If \(k\) is not a leaf:

  1. compute \(R_i\) and \(R_j\) for child nodes of \(k\).
  2. Set \(R_k = R_i \cap R_j\) if \(R_i \cap R_j \neq \emptyset\). Otherwise, set \(R_k = R_i \cup R_j\) and set \(B_u = B_u+1\).

Stop Return \(B_u\), the cost of the tree for that site.

Parsimony algorithm: comments

The total cost of the tree is \[B = \sum_{u = 1}^L B_u\]

Parsimony score invariant to position of root.

Note that the recursion results in a post-order traversal of the tree: although the start is from the root, go straight down to leaves and feed information back up towards root.

Example

Example cont

Ancestral reconstruction

Can traceback to get possible ancestral assignments:

Let \(A_k\) be the ancestral assignment at node \(k\).

Start at root so set \(k = 2n-1\).

Choose \(A_k\) uniformly from \(R_{k}\).

For each child of node \(i\) of \(k\), choose \(A_i = A_k\) if \(A_k \in R_i\), else choose \(A_i\) uniformly at random from \(R_i\).

Parsimony example: an ancestral reconstruction

Length of a branch and a tree

The number of mutations along a branch is the length of a branch

Can estimate by counting mutations given by each possible ancestral reconstruction and then taking average

If substitution rate is known, can convert number of substitutions to length of time.

Weighted parsimony

Have different costs for different mutations.

Let \(S(a,b)\) be the cost of mutating from \(a\) to \(b\).

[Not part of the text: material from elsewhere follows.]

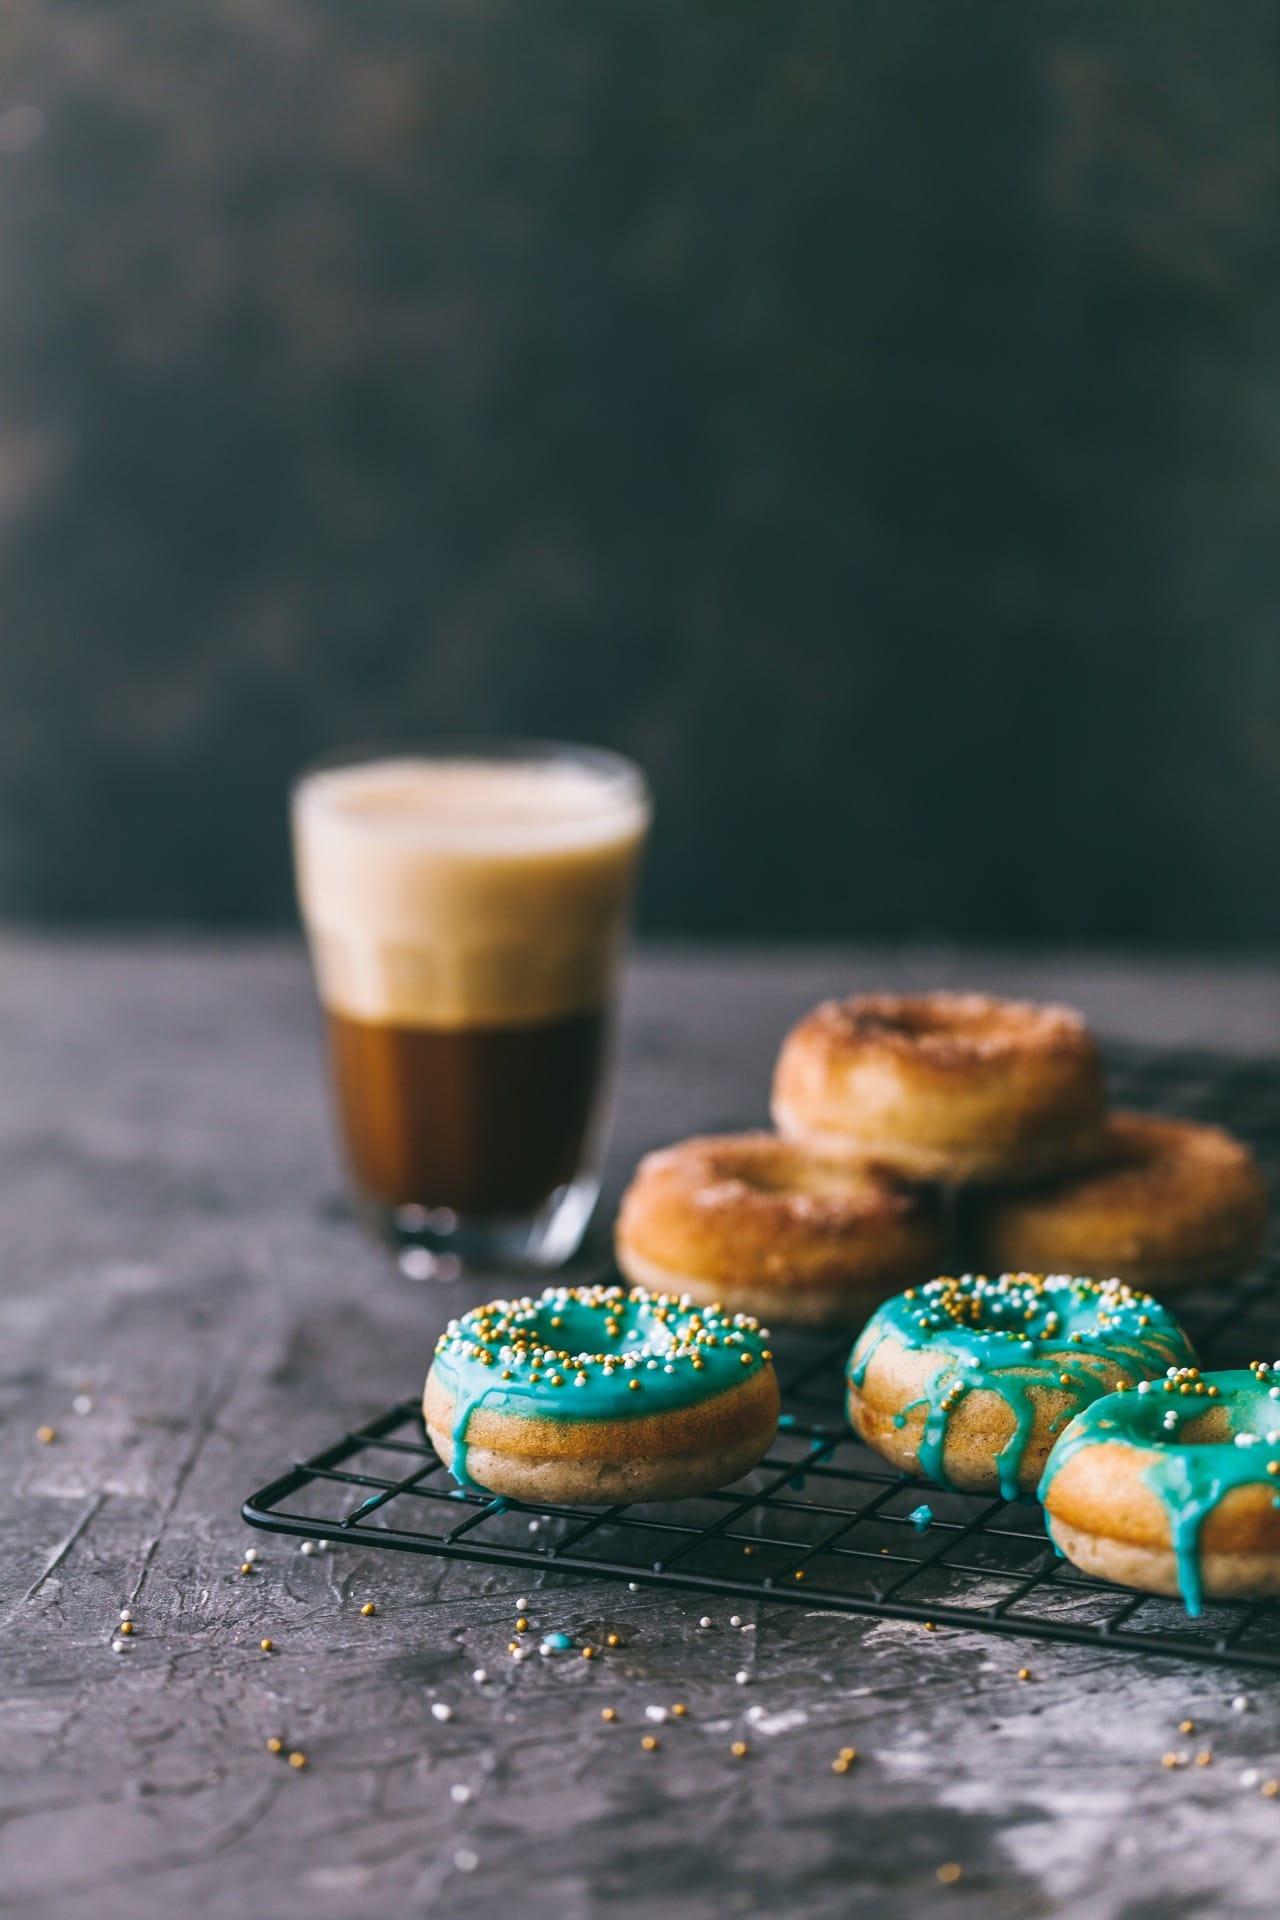 baked donut 01

The parsimony score of site \(u\) is given by the algorithm:

Initilise Set \(k = 2n-1\).

Recursion

If \(k\) is a leaf node: Set \(S_k(a) = 0\) when \(a = x^k_u\) and \(S_k(a) = \infty\) otherwise

Weighted parsimony: algorithm cont.

If \(k\) is not a leaf:

  1. compute \(S_i(a)\) and \(S_j(a)\) for all \(a\) and children \(i\) and \(j\) of \(k\).
  2. Set \[S_k(a) = \min_b \left(S_i(b) +S(a,b)\right) + \min_b \left(S_j(b) + S(a,b)\right).\]

Stop Return \[B_u = \min_a S_{2n-1}(a).\]

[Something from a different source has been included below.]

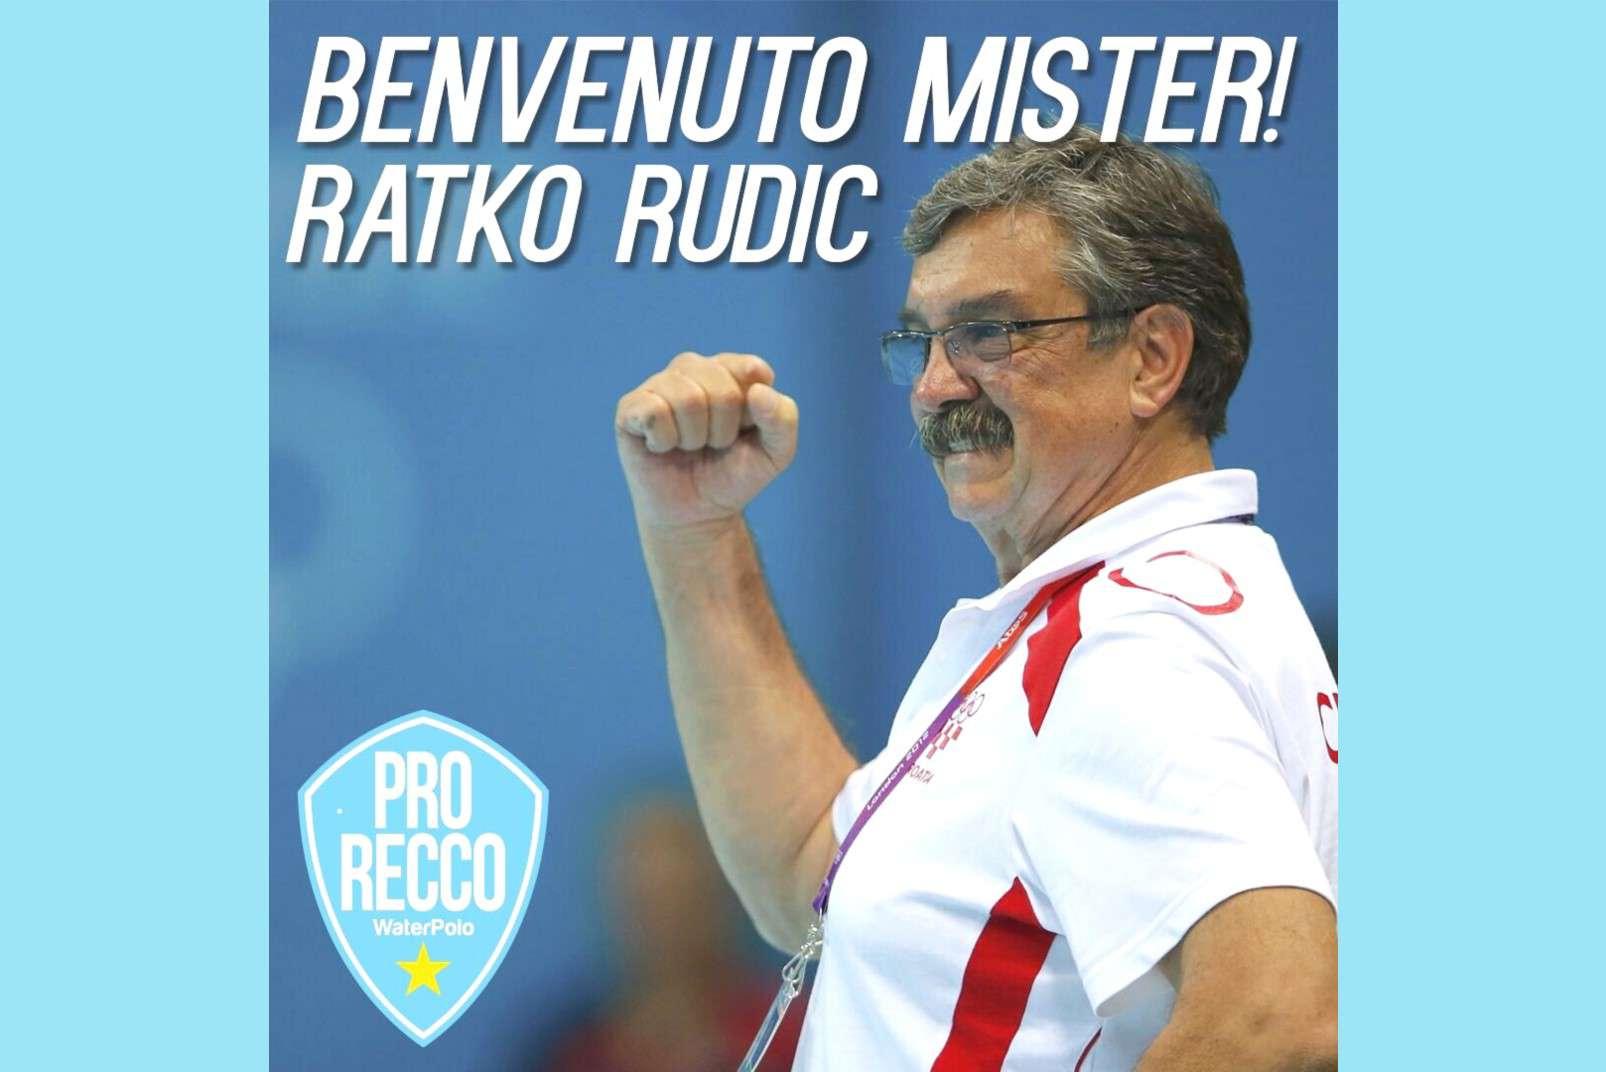 Ratko Rudic, nuovo allenatore della Pro Recco WaterPolo 1913

Reduces to the standard parsimony algorithm when \(S(a,a) = 1\) and \(S(a,b) = 0\) if \(a \neq b\).

Parsimony informative sites

Some sites (columns) have the same score on every tree.

For example, a site with all bases the same will always score zero, regardless of the tree.

Or a site with all bases the same except one will always score one.

To get different scores on different trees, need at least two characters each of which appear in at least 2 taxa.

Example: which sites are parsimony informative?

AAG  
AAA  
GGA  
AGA  
CCC  
  • only column 2

Finding the most parsimonious tree

Sometimes called finding the shortest tree — the number of substitutions is the length of the tree

We are given \(n\) aligned sequences. What is tree with the lowest parsimony score that relates these sequences?

Strategies

  • Exhaustive search
  • Branch and bound
  • Heuristic search

Exhaustive search

Branch and bound

Systematically search all possible unrooted trees

"Branch" refers to method of search, not the edge of a tree.

Builds tree up one taxon (leaf) at a time

Only continues if it could potentially lead to best tree — score of partial tree is less than score of best whole tree.